Inflazione in crescita: i PMI di maggio 2026 evidenziano divari tra USA e Europa
Daga (AcomeA): i prezzi degli input continuano a salire in Europa, mentre negli USA i servizi spingono l'inflazione
Martina Daga, Macro Economist di AcomeA SGR, spiega che il confronto tra prezzi degli input - i costi sostenuti dalle imprese per produrre - e prezzi di output - i prezzi richiesti ai clienti - consente di capire se le aziende trasferiscono gli aumenti di costo al consumatore o li assorbono, influenzando così la pressione inflazionistica. "Quando il gap tra i due si allarga, ossia quando i costi salgono più velocemente dei prezzi di vendita, significa che le imprese stanno assorbendo internamente una parte degli shock, con conseguente compressione dei margini. Quando invece i prezzi di output tengono il passo o addirittura accelerano più degli input, le imprese stanno proteggendo i propri margini scaricando i rincari sui consumatori, alimentando l'inflazione", afferma Daga.
Nell'Eurozona, gli input prices registrano il settimo mese consecutivo di crescita, toccando il livello più alto da tre anni e mezzo; al contempo l'inflazione dei prezzi di vendita avanza solo marginalmente rispetto ad aprile, con un rallentamento in Germania. Il PMI composite europeo è a 47.5, segnando la seconda contrazione consecutiva, segno che le imprese stanno perdendo la capacità di fissare i prezzi: i costi aumentano, la domanda indebolisce e il divario si amplia a sfavore dei margini.
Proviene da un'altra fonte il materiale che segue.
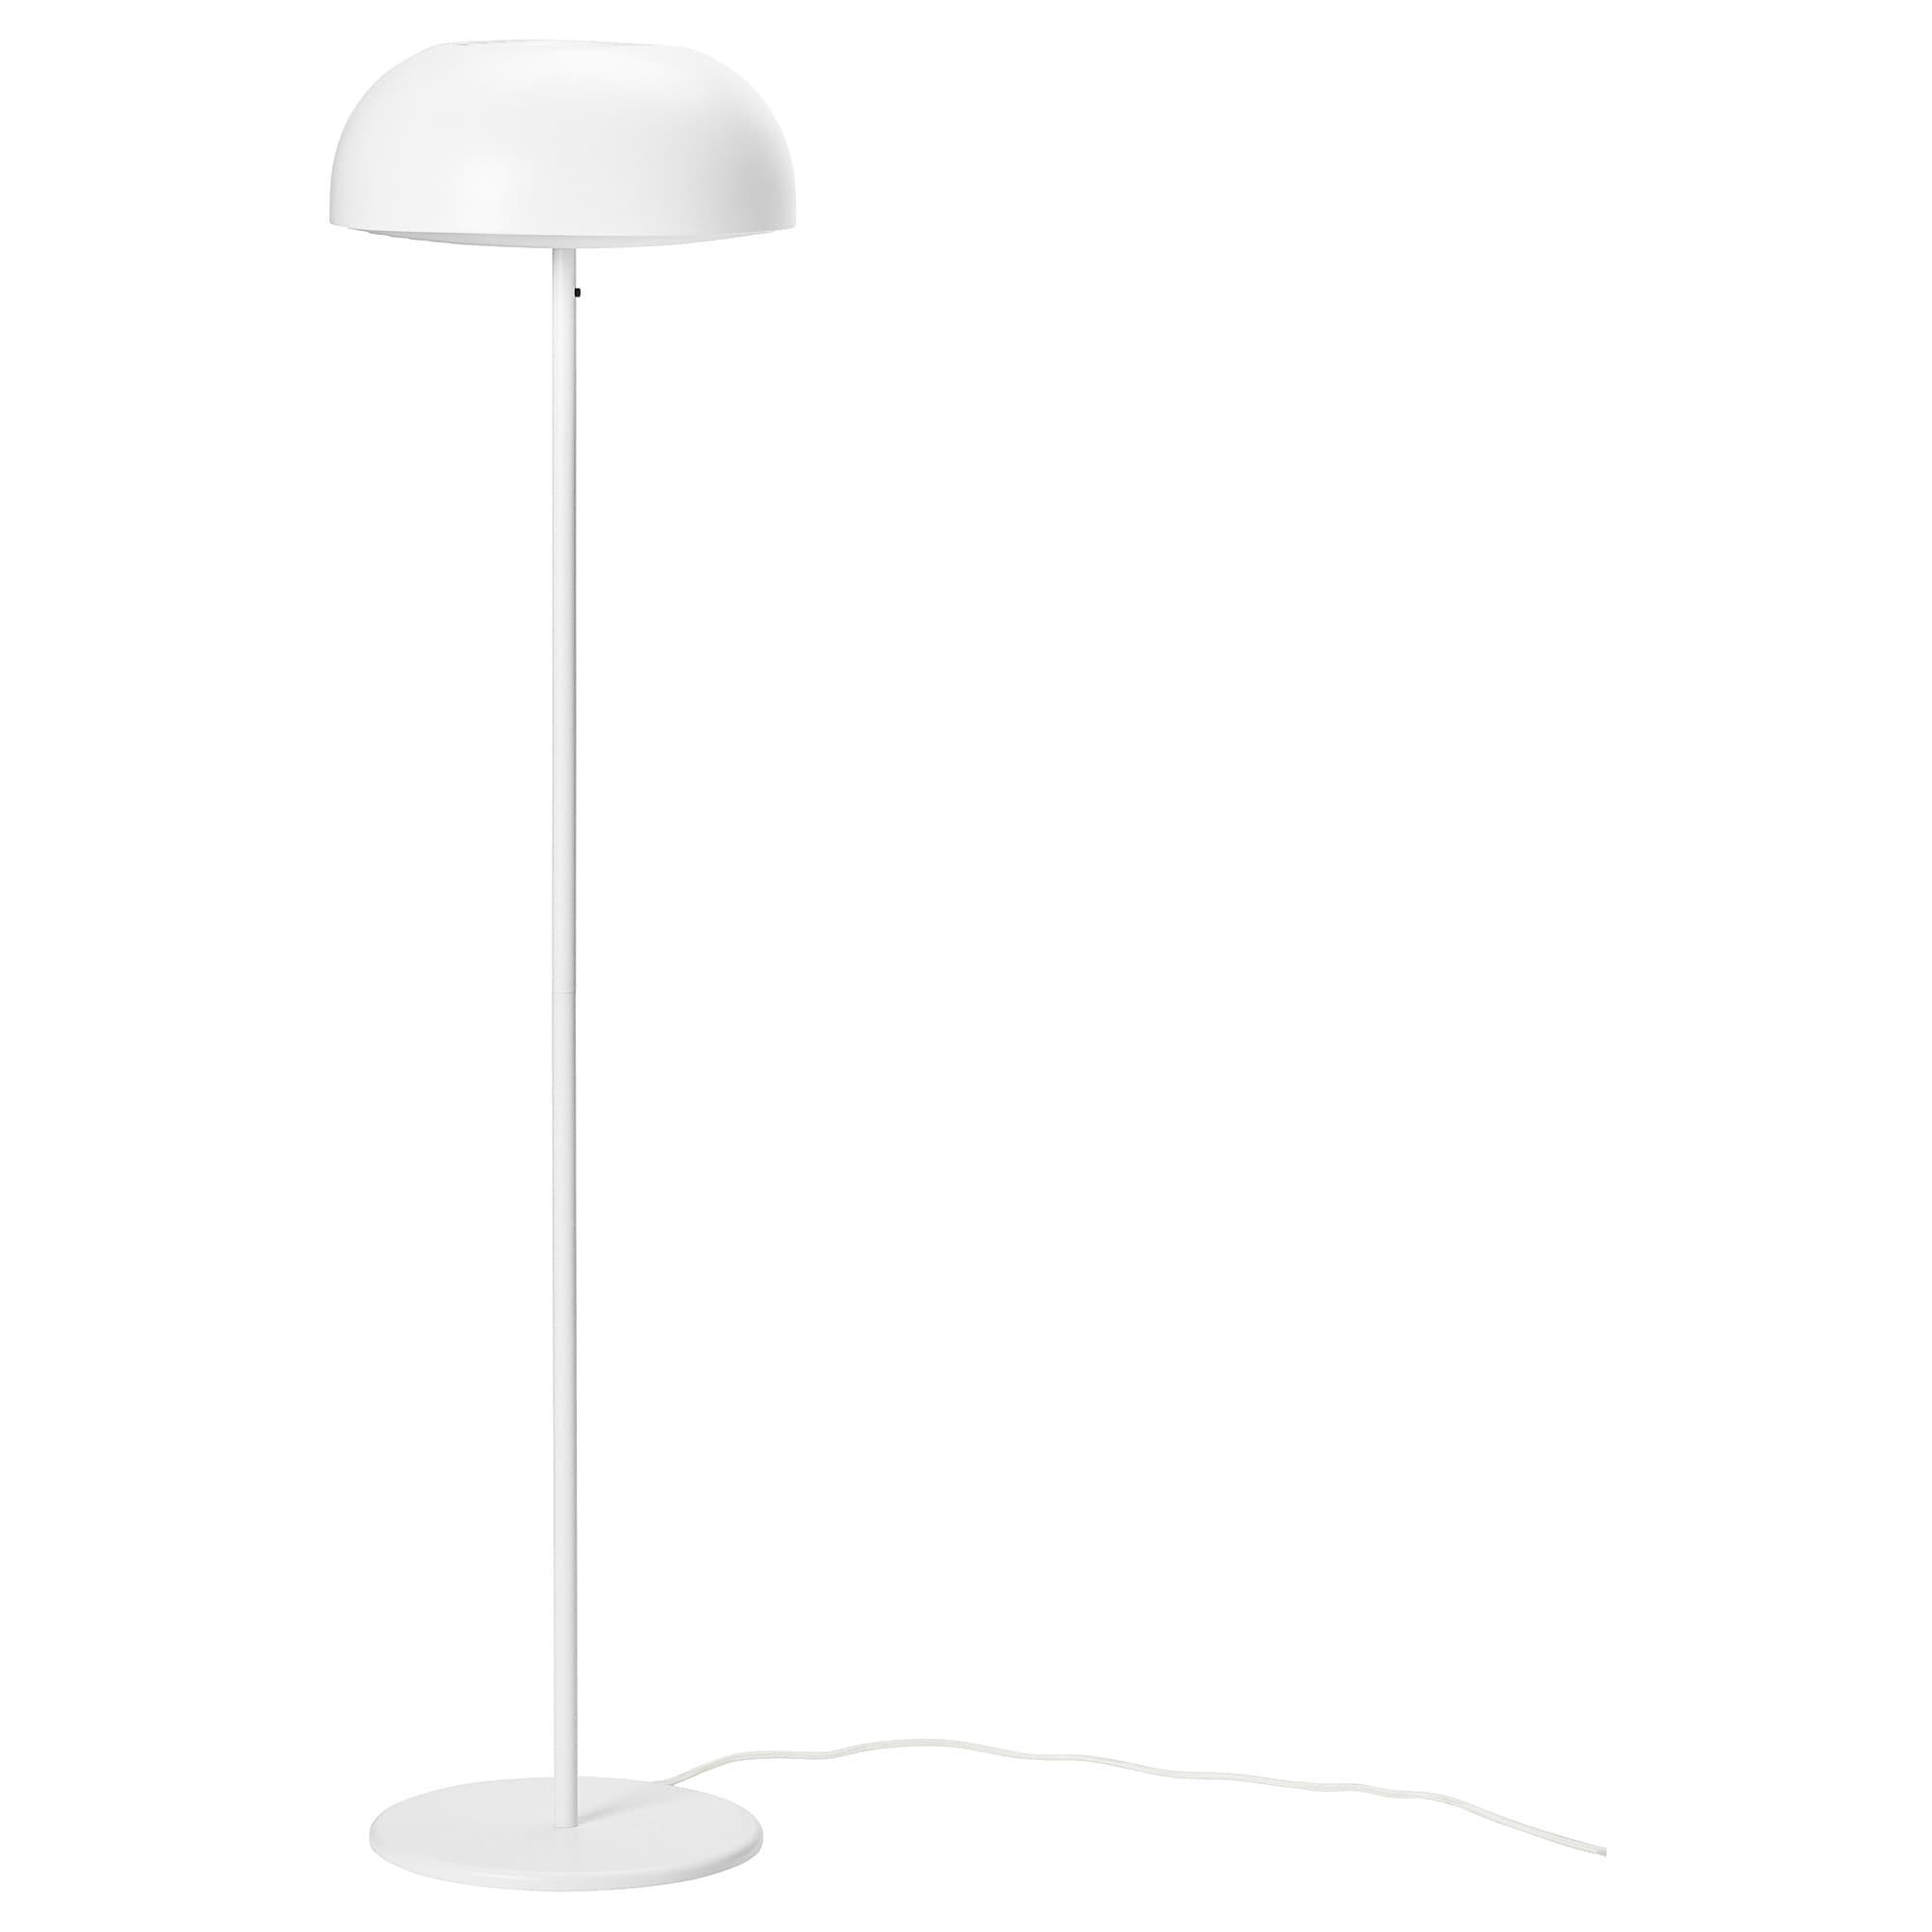 Ikea Nymane White Floor Lamp With Led Bulb Ikea Floor Lamp

Nel Regno Unito, sia i costi di input sia i prezzi di output rimangono elevati e in crescita, ma mostrano una leggera decelerazione rispetto ai picchi di aprile.
"Il manifatturiero regge il passo sul fronte del pass-through, con i prezzi di fabbrica al massimo da luglio 2022, trainati dai rincari energetici e delle materie prime legati al conflitto in Medio Oriente", continua Daga.
Negli Stati Uniti, l'economia continua a espandersi e le imprese conservano un notevole potere di prezzo. Nel settore manifatturiero il pass-through degli shock della catena di approvvigionamento è marcato, mentre il segnale più rilevante proviene dai servizi, dove i prezzi di vendita hanno registrato la più rapida accelerazione degli ultimi dieci mesi, superando gli input costs. Poiché i servizi dipendono principalmente dal lavoro e non dalle materie prime, tale dinamica indica un'inflazione guidata dalla domanda interna, indipendente da tariffe o pressioni sulla supply chain.
Per la Fed, la distinzione è fondamentale: le pressioni inflazionistiche derivanti da tariffe o costi di importazione sono temporanee e tendono a svanire con il ritorno alla normalità; al contrario, l'inflazione nei servizi core è più radicata, poiché incorpora aspettative salariali, contratti a lungo termine e una domanda difficile da raffreddare rapidamente.
"L'inflazione nei servizi core, invece, è strutturalmente vischiosa perché incorpora aspettative salariali, contratti di lungo periodo e dinamiche di domanda difficili da raffreddare rapidamente", conclude Daga.